Six signals for what skalp expresses in two stream ports. And this is just the port list — the handshaking logic (skid buffers, pipeline bubbles, backpressure propagation) is another 50-100 lines per stage. A 5-stage pipeline requires writing the same handshaking FSM five times, with subtle differences at each stage boundary. Get one wrong and the pipeline deadlocks under backpressure — a bug that only appears under specific traffic patterns.

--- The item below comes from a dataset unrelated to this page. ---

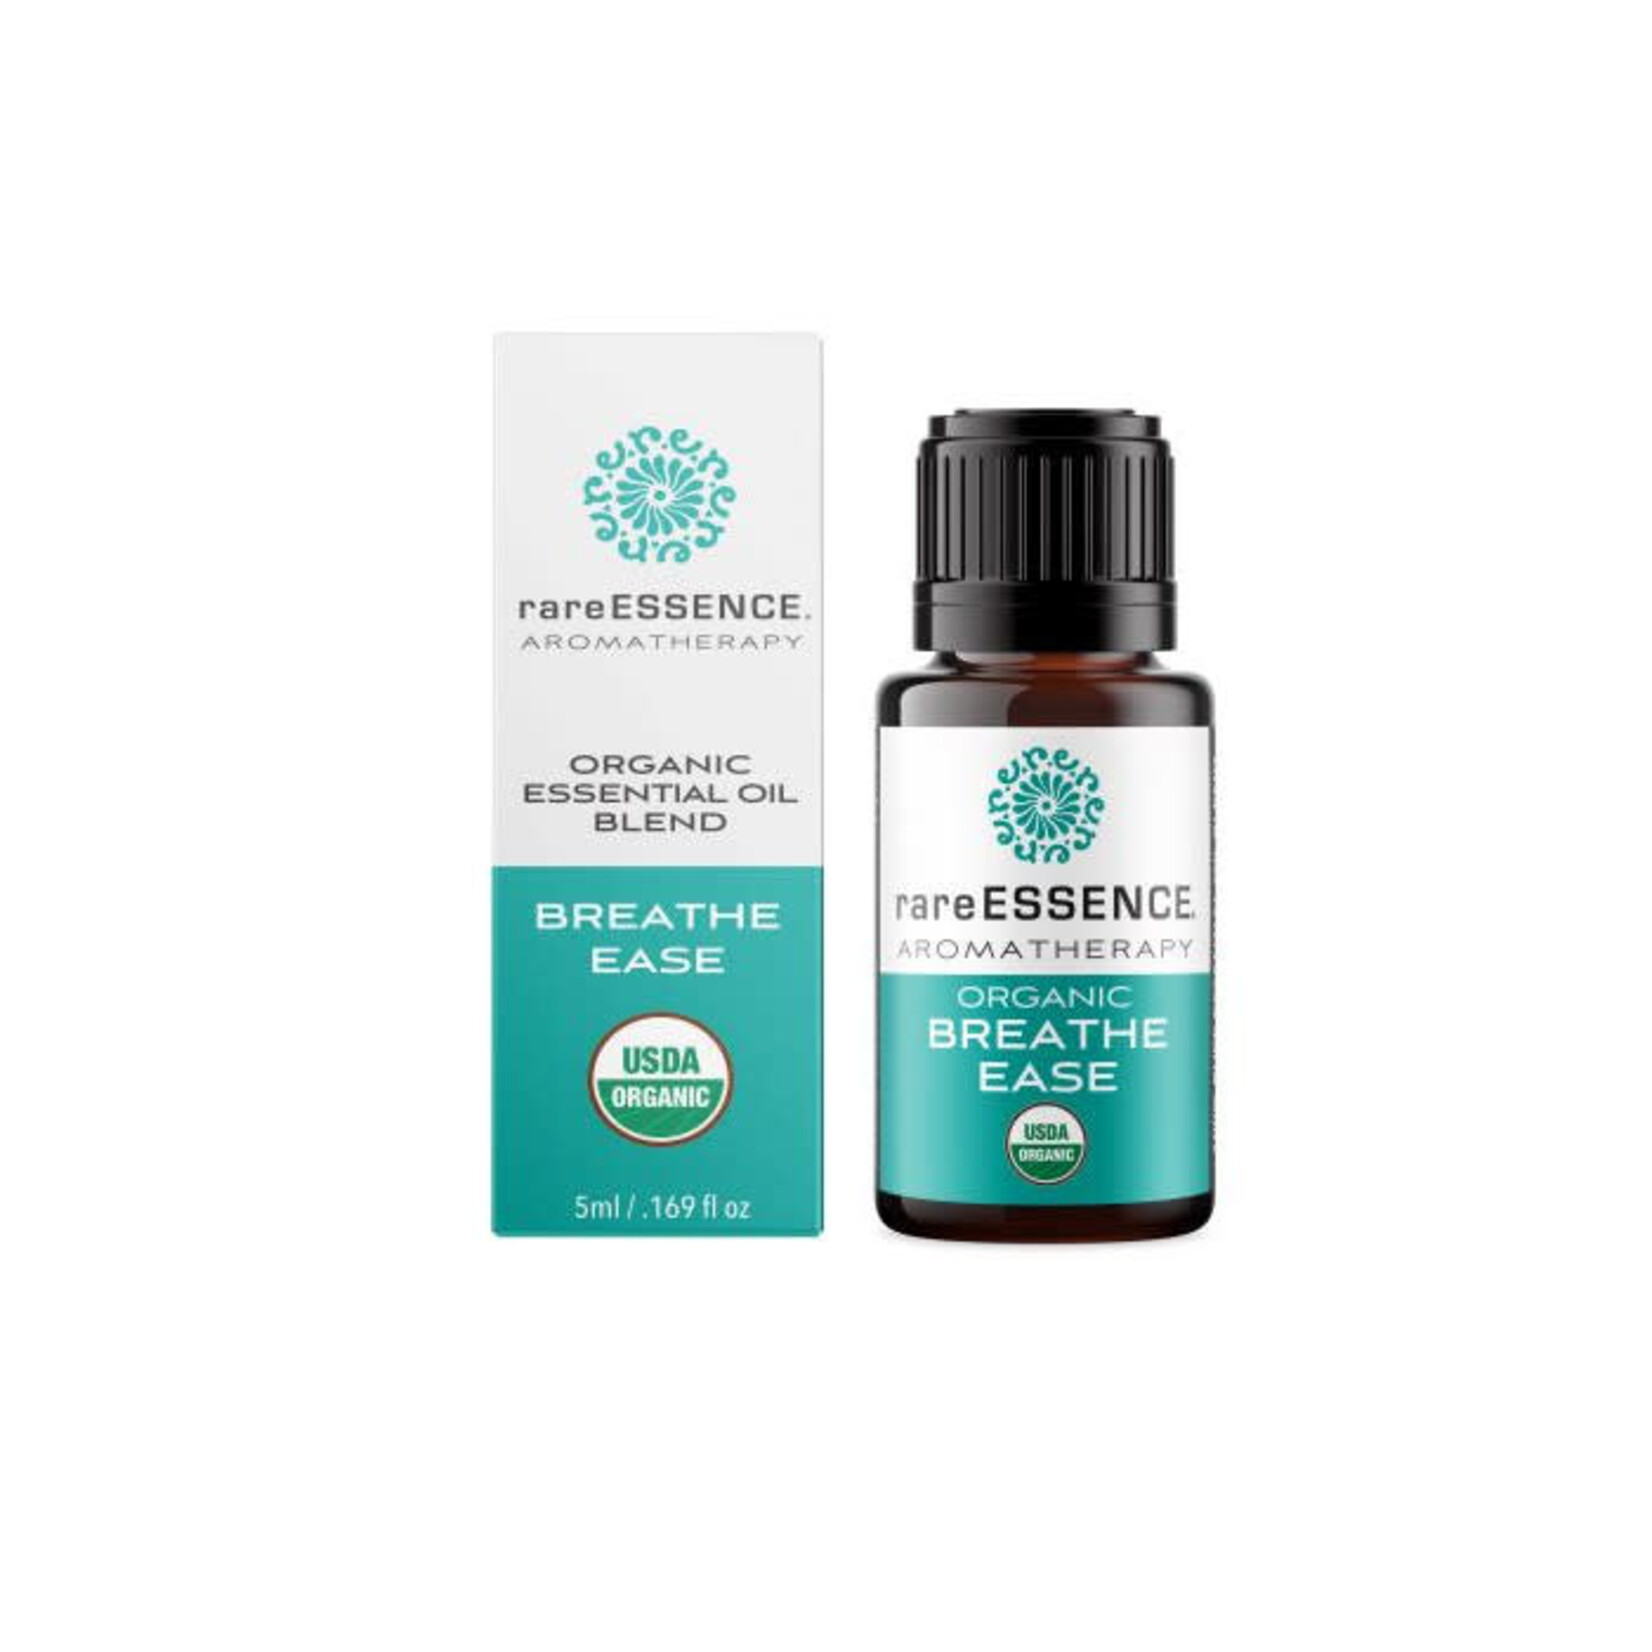 rareESSENCE Aromatherapy Organic Breathe Ease Essential Oil Blend

There’s no mechanism to compose pipeline stages declaratively. Each stage is a separate module with explicit wiring.

Protocol Definitions with Direction Flipping

Hardware interfaces have a direction problem. An AXI stream master has data and valid as outputs and ready as input. The slave has the same signals but with flipped directions. In any bus protocol, you need both perspectives.

skalp defines protocols once and flips them with ~:

protocol AXIStream {
    out data: bit[32],
    out valid: bit,
    in ready: bit,
    out last: bit
}

entity Producer {
    port axi: AXIStream      // data/valid/last are outputs, ready is input
}

entity Consumer {
    port axi: ~AXIStream     // flipped: data/valid/last are inputs, ready is output
}

The ~ operator reverses every direction in the protocol. One definition, two perspectives, compile-time checked. If you add a signal to the protocol, both producer and consumer must handle it.

In SystemVerilog, the closest mechanism is interface with modport:

interface axi_stream_if;
    logic [31:0] data;
    logic        valid;
    logic        ready;
    logic        last;

    modport master (output data, output valid, input  ready, output last);
    modport slave  (input  data, input  valid, output ready, input  last);
endinterface

You define the same signals twice — once for master, once for slave — and manually ensure the directions are consistent. Add a signal to the interface but forget to add it to one modport? No error. Change a direction in master but not slave? No error. The two modports are independent declarations that happen to reference the same signals. Nothing enforces that they’re actually complementary.

skalp’s ~ is a mathematical operation on the protocol — the flipped version is derived, not manually declared.

Clock Domains as Lifetimes

Clock domain crossings (CDC) are the single most common source of hard-to-find bugs in multi-clock designs. A signal generated in one clock domain used directly in another creates a metastability window that manifests as random, intermittent failures — the kind that pass simulation but fail in silicon.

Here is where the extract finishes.